Languages available for text analytics

User 5147 | 4/25/2016, 9:29:47 AM

Hello, I'd like to know if graphlab's text analytics functionality is available for languages other than English. If yes, how do I specify the language of my text? Thanks.

Comments

User 19 | 4/25/2016, 5:37:12 PM

Hi Octavia,

You may use GraphLab functionality on any piece of text (e.g. CountWords, Tokenizer, etc) but your mileage may vary depending on your target language. For example, you might still be able to handle Latin-based languages even without having a language-specific tokenizer.

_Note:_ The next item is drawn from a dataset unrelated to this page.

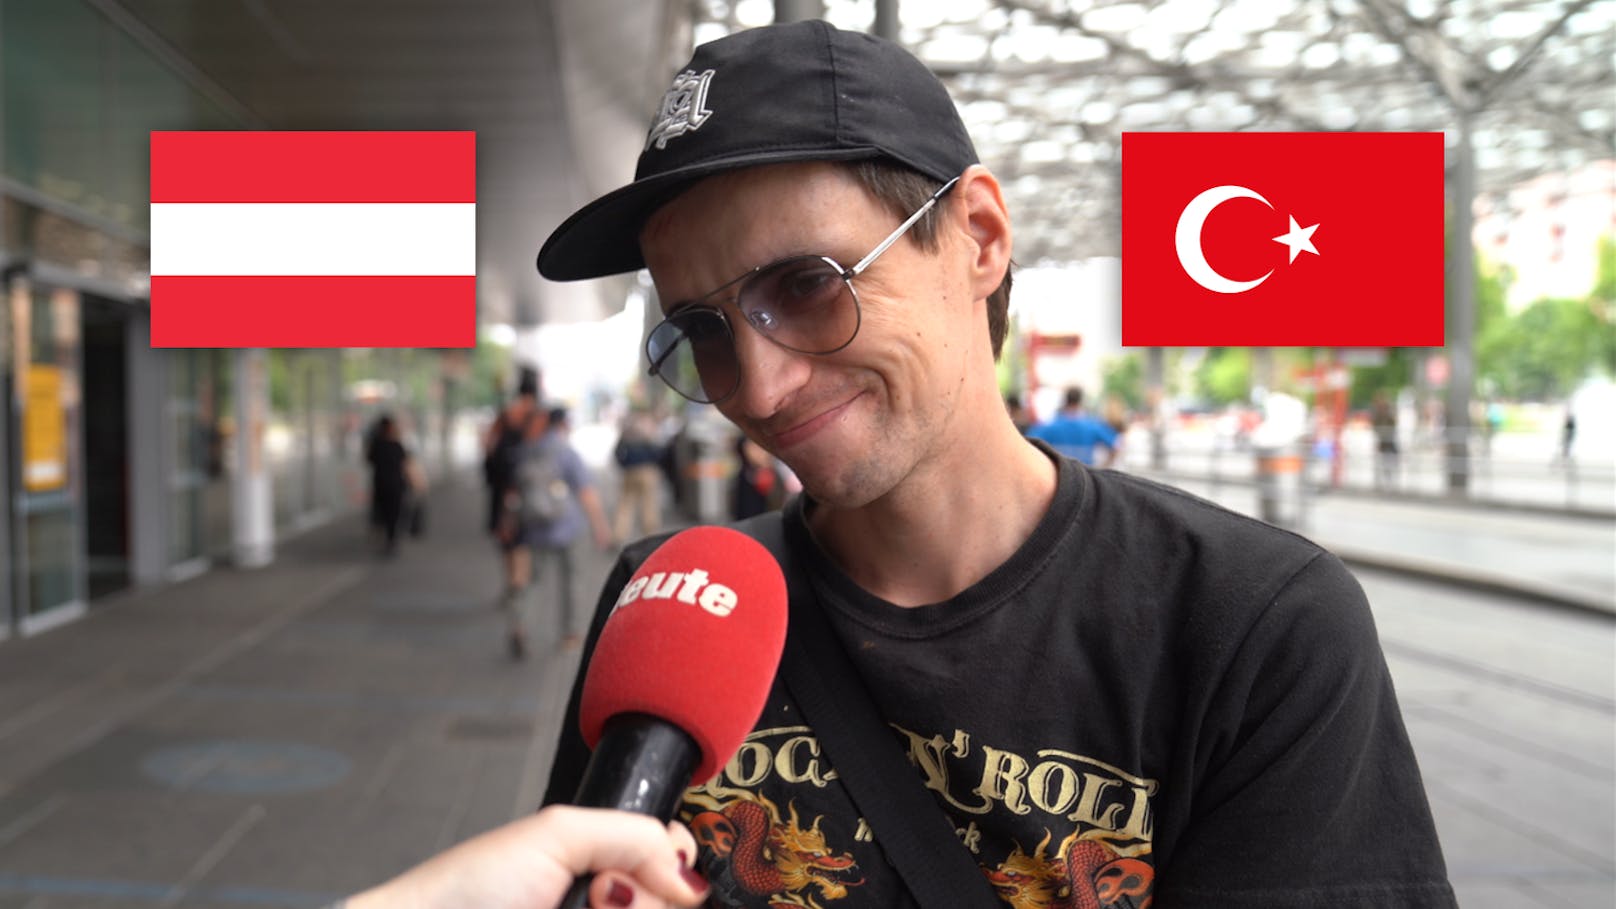 "Geheimfavorit: Österreich gewinnt die EM!"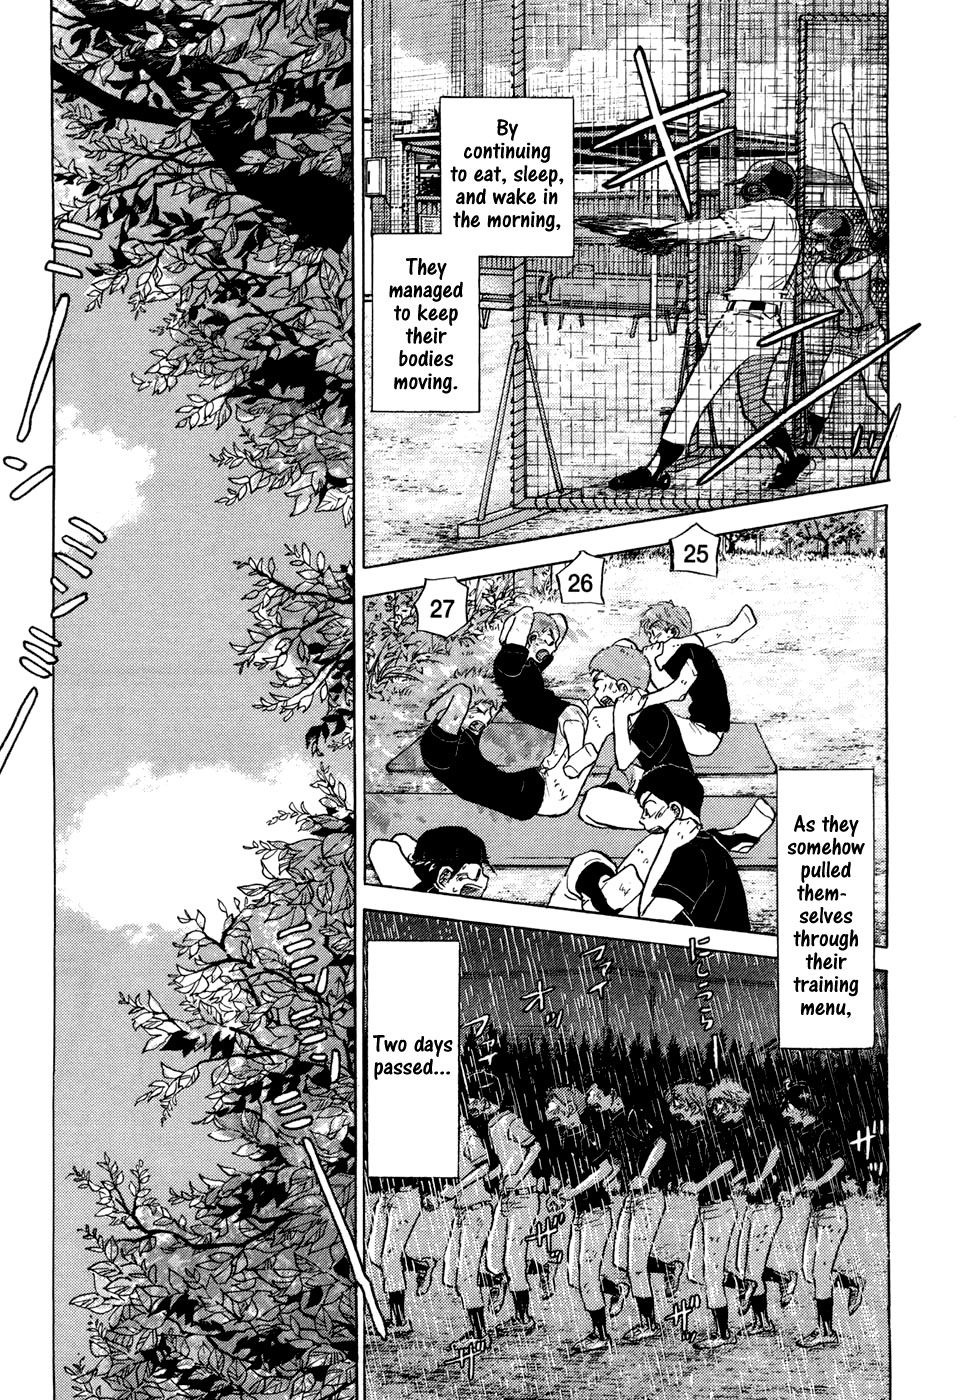 Ookiku Furikabutte - 028b page p_00040

What languages are you working with? What's your goal use case?

Happy to help, Chris


User 5147 | 4/26/2016, 3:54:20 PM

Hi Chris, Thanks for your answer. I am particularly interested in French, and I am thinking about features derived via functions which are more language-dependent, such as lemmatisation and PoS tagging. Is this kind of functionality available within GraphLab? Thank you. Octavia


User 19 | 4/26/2016, 11:06:37 PM

Hi Octavia,

In the next version of GLC we will be providing a tool for extracting specific parts of speech from text, but at first we will only be supporting English. I'll add a feature request for French support.

Out of curiosity: What's your end task that these features will be used for?

Happy to help, Chris